The regional additions (observed in the field)
- The second generator. For the first generator. This is not a joke; it is a philosophy, and this desk has met its philosopher.
- Coffee redundancy. Officials list water first; the region lists it second. Instant packets, a hand grinder, and a French press in a padded case that once held optics.
- The neighbor plan. Actual resilience doctrine: know who on the street owns the chainsaw, the ham license, and the trailer. In Brush Prairie this information is exchanged before last names.
- The bags by the door. Not packed in fear. Packed in residence. As one Yacolt man told this desk, that is simply where the bags live.
What not to do
Do not plan to drive anywhere at once; the region’s plan for that contingency is a bridge from 1917. Do not rely on one app. Do not tape windows; it is not that kind of event. Do not read further into the subduction zone’s silence than the scientists do, though this desk notes, for the record, that the scientists have kits.

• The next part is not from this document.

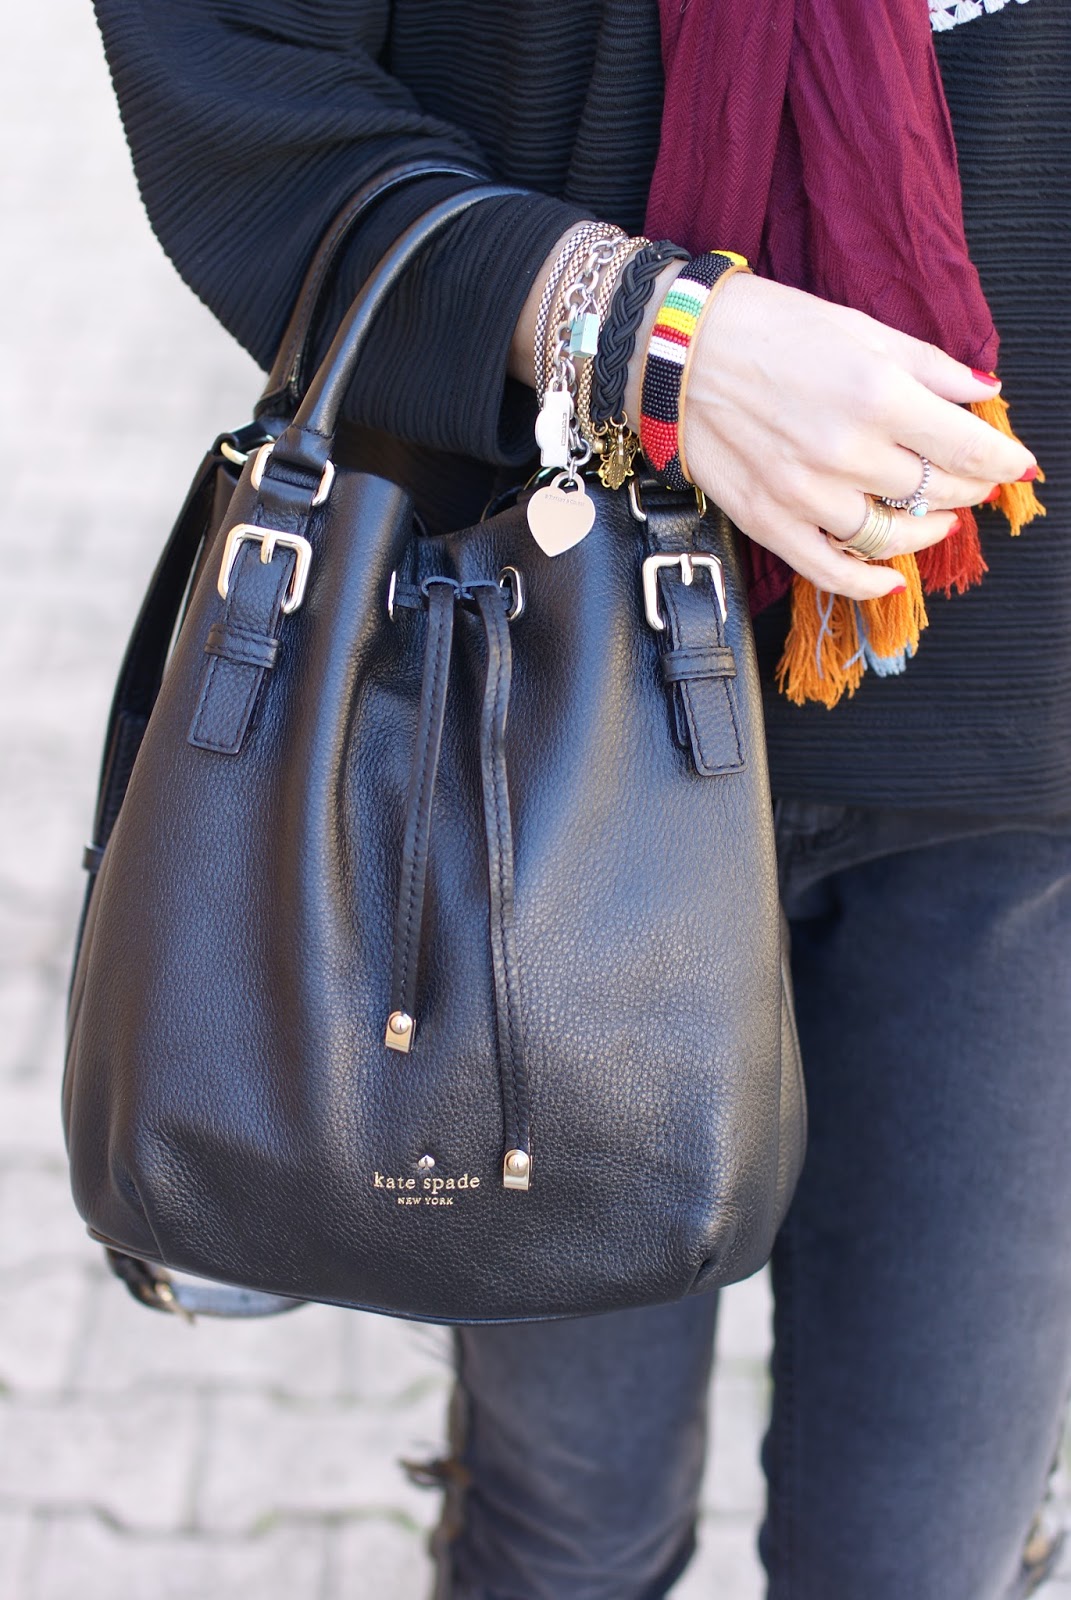 Kate Spade New York bucket bag on Fashion and Cookies fashion blog, fashion blogger style

Frequently asked questions
How likely is the Cascadia earthquake?
Published odds for a major rupture run roughly one in three within fifty years for the southern zone. Regionally this is understood as “not today, probably,” which is also the forecast for rain.
Two weeks of supplies — really?
Really. West-side infrastructure will need time. The guidance is the rare document where the government and the preppers agree, an alignment residents find more alarming than either party alone.
Where should I keep the kit?
Somewhere reachable if the house isn’t. The garage, a shed, the truck. Gary keeps his in a dedicated room. Gary’s room is appraised. Be somewhere between the state’s list and Gary.
The two-week guidance is real Washington State emergency-management advice. Take that part seriously; this paper does, and this paper takes nothing seriously.